For co-directionality, subjects’ rankings provided by the summary or composite score should agree with each indicator’s ranking. The strength of this monotone agreement may also be assessed by rank correlations and should be positive. We used Spearman’s rank correlation and Kendall’s tau to correlate individual items to the MoPSI summary scores obtained through IRT modeling and the JPD method.

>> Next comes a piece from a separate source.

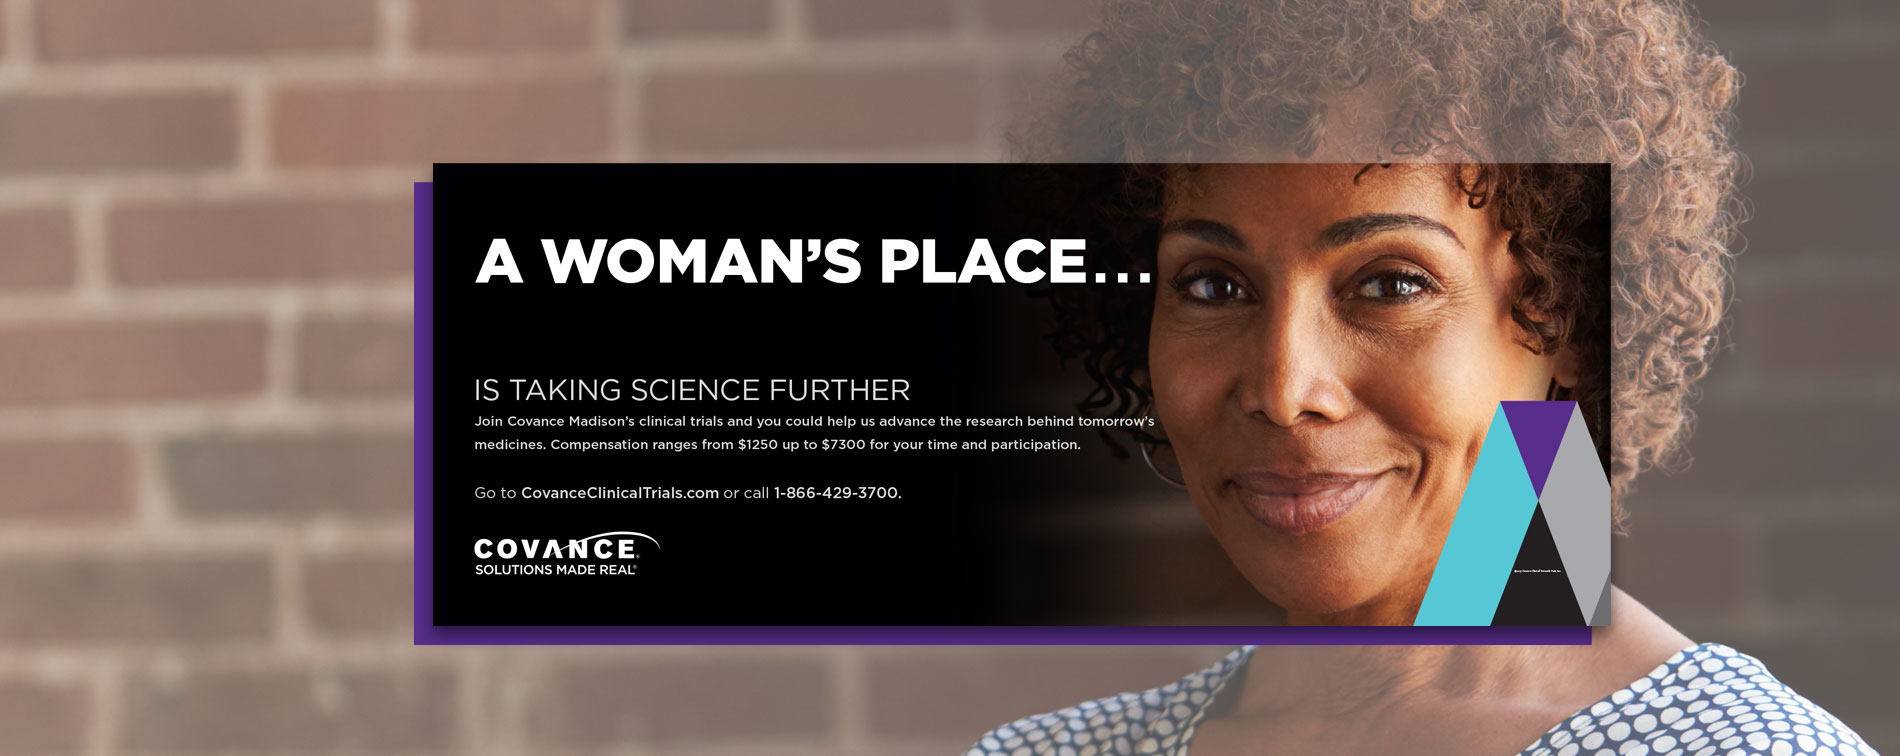 Covance bus ad: A woman's place is taking science further

Comparing scoring approaches

We used simple scatterplots and Spearman’s rank correlation to compare the three BPI-I scoring approaches and to compare the two MoPSI scoring approaches, where 0 = no monotonic relationship and 1.00 indicates perfect, positive monotone relationship. Note that ranks stay invariant with respect to monotone transformations.

To more formally compare the approaches’ informativeness, we used maximum likelihood to estimate Shannon’s entropy [43]. Lower entropy values indicate that more information is contained within a summary or composite score. BIC and AIC indices indicated that a Weibull distribution was a better fit for the BPI-I and a two-parameter Gamma distribution, for the MoPSI. Shannon’s entropy \(E\) for Weibull distributions is calculated as follows:

$$E=\gamma \left(1-\frac{1}{k}\right)+\text{ln}\left(\frac{k}{l}\right)+1$$
(6)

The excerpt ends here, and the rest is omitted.